Re: [HACKERS] TODO list updated

Bruce Momjian <pgman@candle.pha.pa.us>

From: Bruce Momjian <pgman@candle.pha.pa.us>
To: Tom Lane <tgl@sss.pgh.pa.us>
Cc: Hiroshi Inoue <Inoue@tpf.co.jp>, PostgreSQL-development <pgsql-hackers@postgreSQL.org>
Date: 2000-01-13T03:02:40Z
Lists: pgsql-hackers
> Bruce Momjian <pgman@candle.pha.pa.us> writes:
> > We currently do not use indexes to handle ORDER BY because it is slower,
> 
> Er, actually, we *do* use indexes for ORDER BY currently:
> 
> regression=# explain select * from tenk1 order by unique1;
> NOTICE:  QUERY PLAN:
> Index Scan using tenk1_unique1 on tenk1  (cost=760.00 rows=10000 width=148)
> 
> If you start psql with PGOPTIONS="-fi" you can see that the optimizer
> believes an explicit sort would be much slower:
> 
> regression=# explain select * from tenk1 order by unique1;
> NOTICE:  QUERY PLAN:
> Sort  (cost=3233.91 rows=10000 width=148)
>   ->  Seq Scan on tenk1  (cost=563.00 rows=10000 width=148)
> 
> but (at least on my machine) the explicit sort is marginally faster.
> Evidently, the cost estimate for an explicit sort is *way* too high.

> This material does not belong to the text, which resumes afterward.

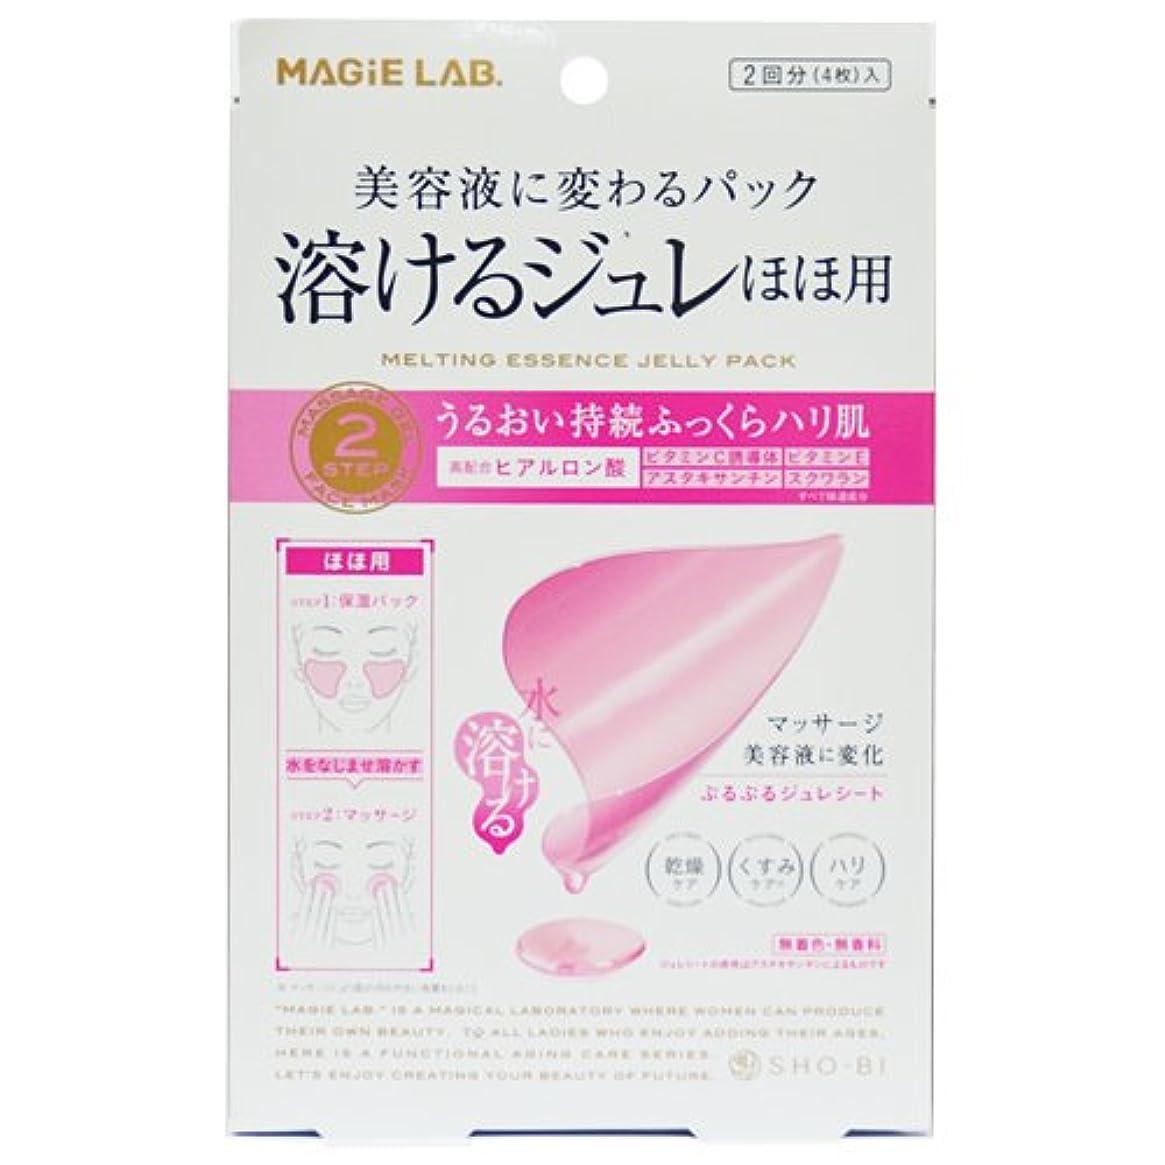 甥感覚少数SHO-BI MAGiE LAB.(マジラボ) 溶けるジュレほほ用 2回分(4枚)入 MG22102
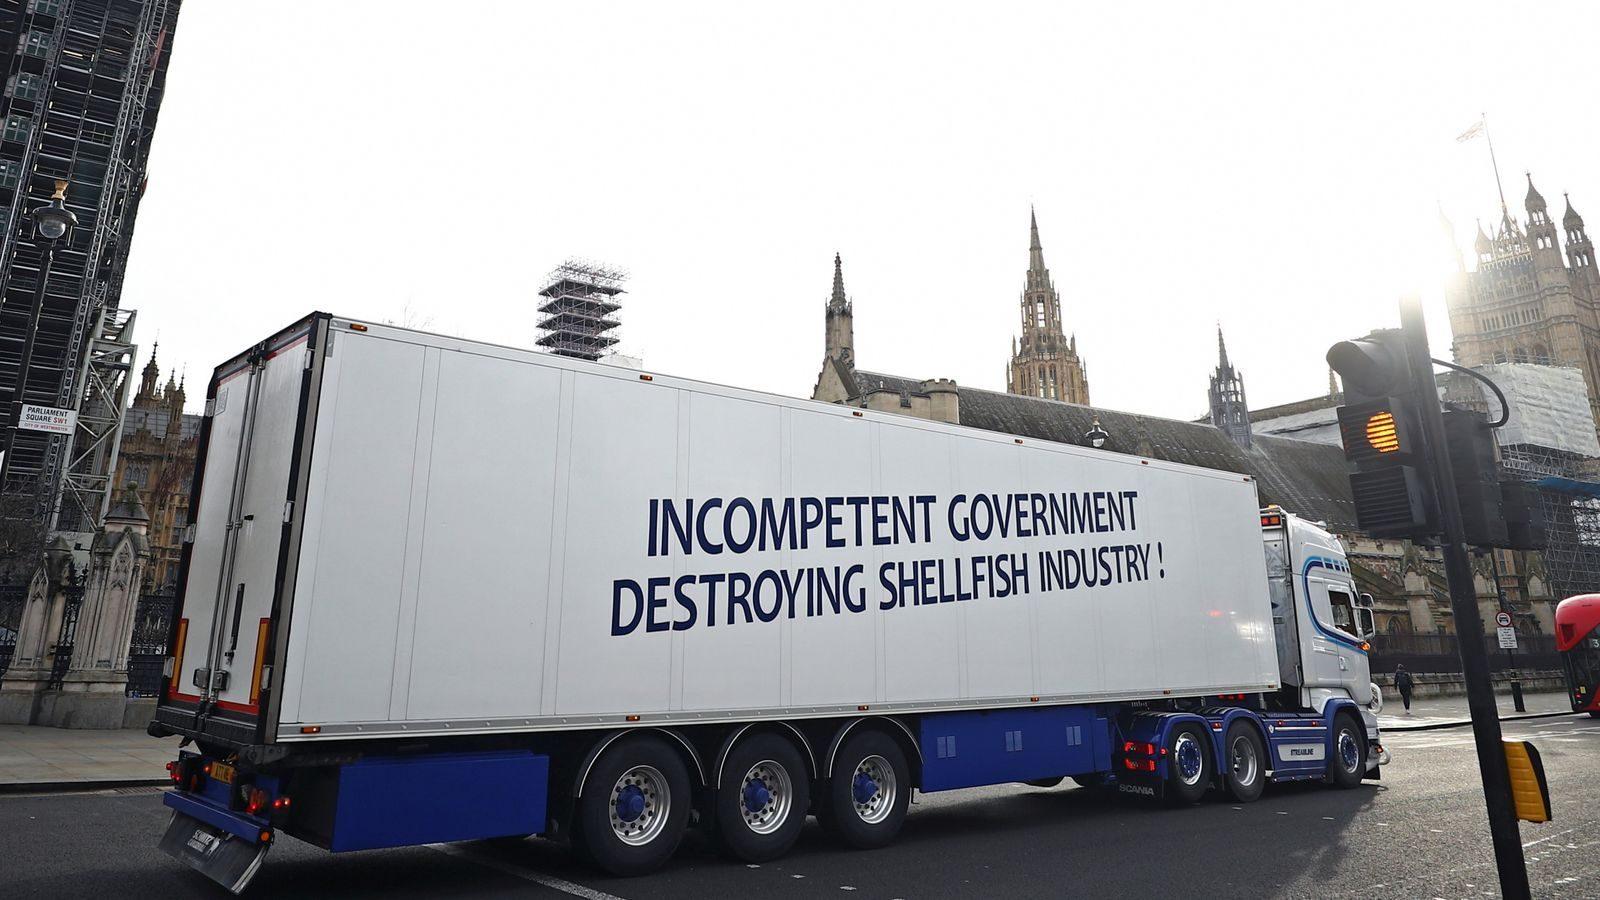 Brexit Reino Unido – camiões de mariscos estacionam perto de Downing Street

But it shouldn't be using the ORDER BY, except when the number of rows
processed is less than the full table, right?

> 
> I have been poking at this and am currently thinking that the CPU-vs-
> disk scaling constants (_cpu_page_weight_ and cpu_index_page_weight_)
> may be drastically off for modern hardware.  This is one of the
> optimizer issues that I'm hoping to resolve for 7.0.

Makes sense.  CPU's have gotten much faster than disk.